More significant are efforts to cut Pyongyang’s access to hard currency and smuggled weapons technology. The sanctions expand the list of banned arms and dual-use goods, and they require states to inspect all cargo transiting their territory to or from North Korea by sea, air or land. They would also squeeze North Korean mineral exports, including coal and iron ore, which in 2014 accounted for 53% of Pyongyang’s $2.8 billion in exports to China, per South Korean state figures.
Overall the blacklist of North Korean proliferators is growing by only 12 individuals and 20 entities to a total of 64; the U.N.’s former blacklist on Iran was far larger at 121. In any case, none of these matter if China won’t rigorously enforce them—which it has never done.
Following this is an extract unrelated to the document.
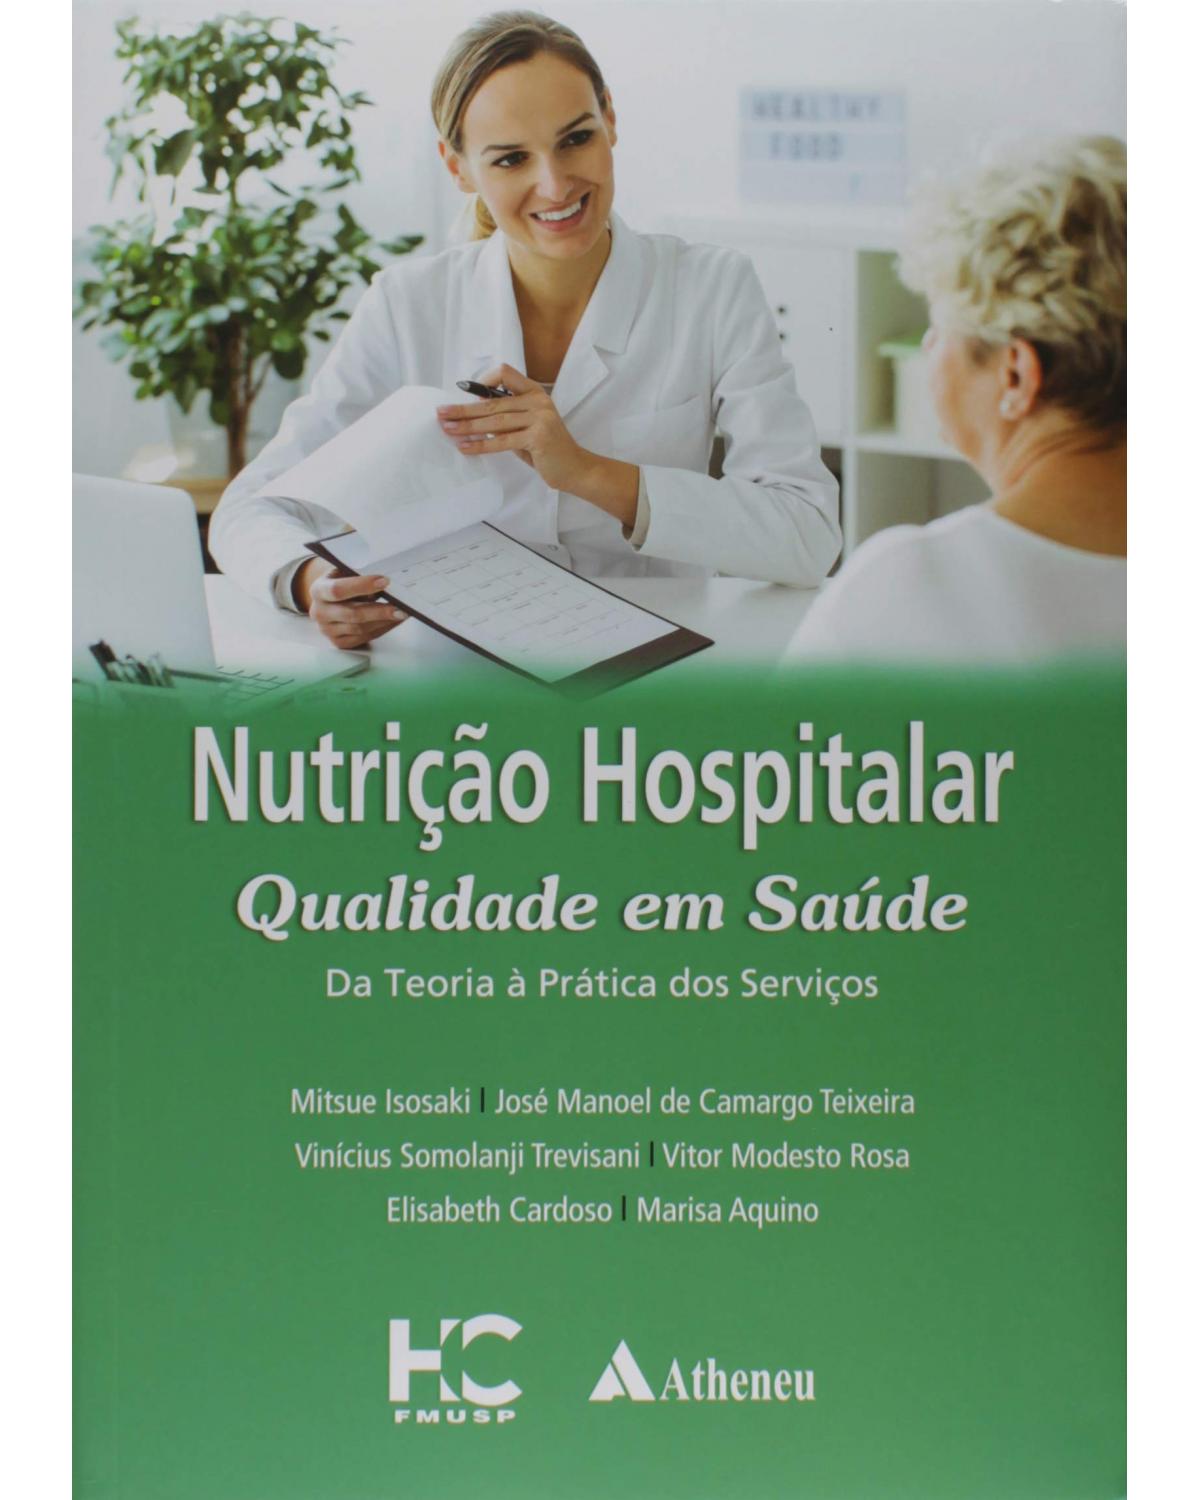 Nutrição hospitalar qualidade em saúde - da teoria à prática dos serviços - 1ª Edição | 2019

There are other loopholes and oversights. The nominal ban on North Korean mineral exports applies only to purchases that demonstrably fund illicit activities, rather than “livelihood purposes.” Yet money is fungible, so Chinese coal purchases excused on livelihood or humanitarian grounds will still channel hundreds of millions of dollars to the regime.
The sanctions also do nothing about the Chinese oil transfers that keep the Kim regime alive. Or Chinese purchases of textiles from mostly state-run North Korean factories that have quadrupled to $741 million a year since 2010 and recently ensnared Australian surf brand Rip Curl in a supply-chain controversy. Or the 50,000-plus North Korean laborers overseas, largely in China and Russia, earning some $230 million a year for their masters in Pyongyang.
U.S. officials say China has new incentive to back sanctions because it wants to block South Korea’s recent moves to deploy the U.S.-built Thaad missile-defense system. That may be why China wants to look cooperative, but the new sanctions aren’t enough to justify walking back on Thaad. China still views the North as a political buffer against South Korea, a thorn in the side of Japan and the U.S., and a diplomatic card to play at the U.N. So China has long played a double game of rhetorically deploring North Korea’s nuclear program while propping it up in practice.
The better way to squeeze the North is closer cooperation among Washington, Seoul and Tokyo to sanction Chinese banks that facilitate trade with Pyongyang. This worked a decade ago until the Bush Administration fell for more of China’s diplomatic promises. China won’t get serious about stopping North Korea until it sees that the U.S. and its allies are serious.